Re: Largest character

From: Kenneth Whistler (kenw@sybase.com)
Date: Fri Mar 31 2000 - 17:59:41 EST


Gary responded to Samir's question:

> Characters <128 take one byte.
> Characters <2048 take two bytes.
> All others in the 64K normal range take three bytes each.

True.

> There are provisions for characters above 2,097,152 to use three bytes, but
> normally unicode is only up to 64K. However when additional space is used,
> it still uses two bytes up to the 2,097,152 point.

False.

Unicode (= UTF-16) is defined for the Unicode scalar range 0 .. 0x10FFFF.

Unicode scalar values in the range 0x10000..0x10FFFF (decimal 65,536..1,114,111)
require *four* bytes when expressed in UTF-8. (And also four bytes when
expressed as a surrogate pair for UTF-16, by the way.)

> Using Character Agent from Bjondi, we find that 2048 (hex 0800) is in the
> middle of the arabic characters.

Actually, that boundary is *above* all the Arabic characters, and also above
Syriac and Thaana.

> Below this are things like hebrew,
> armenian, cyrillic, greek, and some other misc stuff. All the asian sets are
> above this point.

True.

If Samir's question is reinterpreted as "what are those languages which
require use of 3-byte UTF-8 forms?", then the answer is roughly:

   Any language written using one of the Indic scripts (e.g. Hindu, Marathi,
   Nepali, etc. using the Devanagari script, and so on); Sinhalese; Thai
   and Lao; Tibetan and Dzongkha; Myanmar and any other language written
   using the Myanmar script (e.g. Shan, Karen, etc.); Georgian; any
   language using the Ethiopic script (e.g. Amharic, Tigré, etc.); Cherokee;
   any language using Unified Canadian Aboriginal Syllabics (e.g.
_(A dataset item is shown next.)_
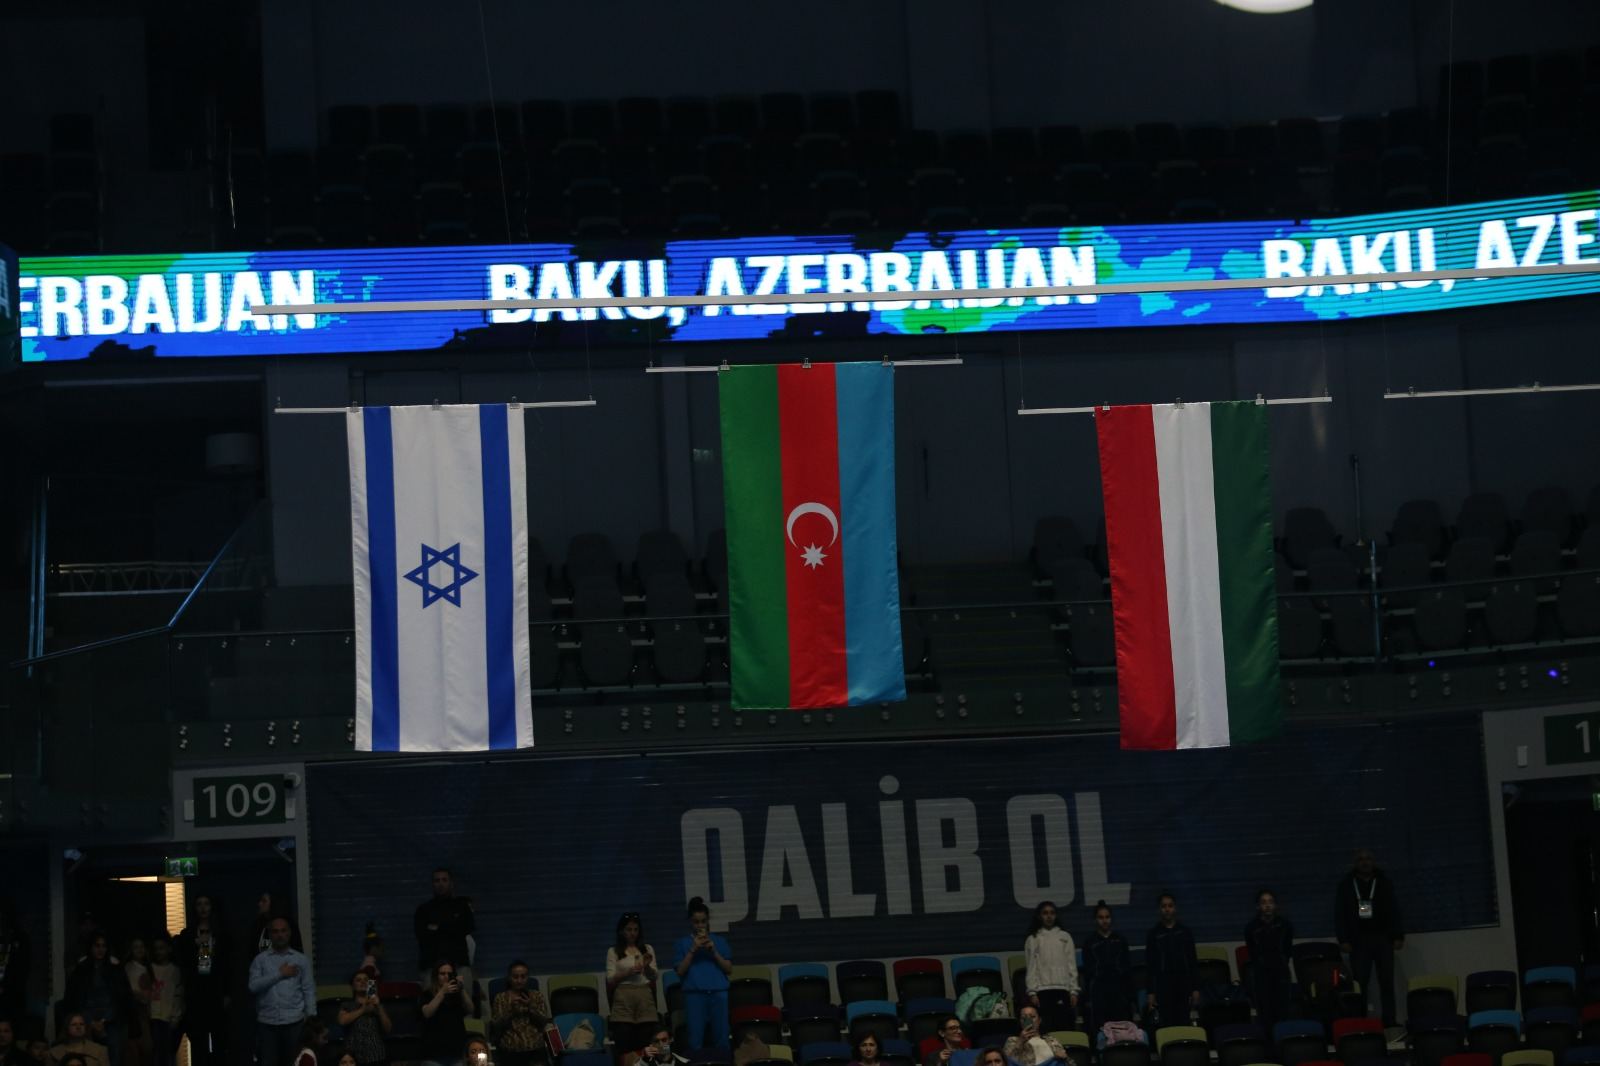 В Баку прошла церемония награждения победителей Международного турнира AGF Trophy (ФОТО)

Cree,
   Inuit, etc.); old Irish written in the Ogham script; old European
   languages written with Runes; Khmer; any language written with the
   Mongolian script (Mongolian, Manchu, Todo, etc.); Vietnamese and a
   number of minority European languages (Livonian, Welsh, etc.) if
   using Latin extended precomposed characters; polytonic Greek, if using
   Greek extended precomposed characters; Japanese, Chinese, Korean, and Yi.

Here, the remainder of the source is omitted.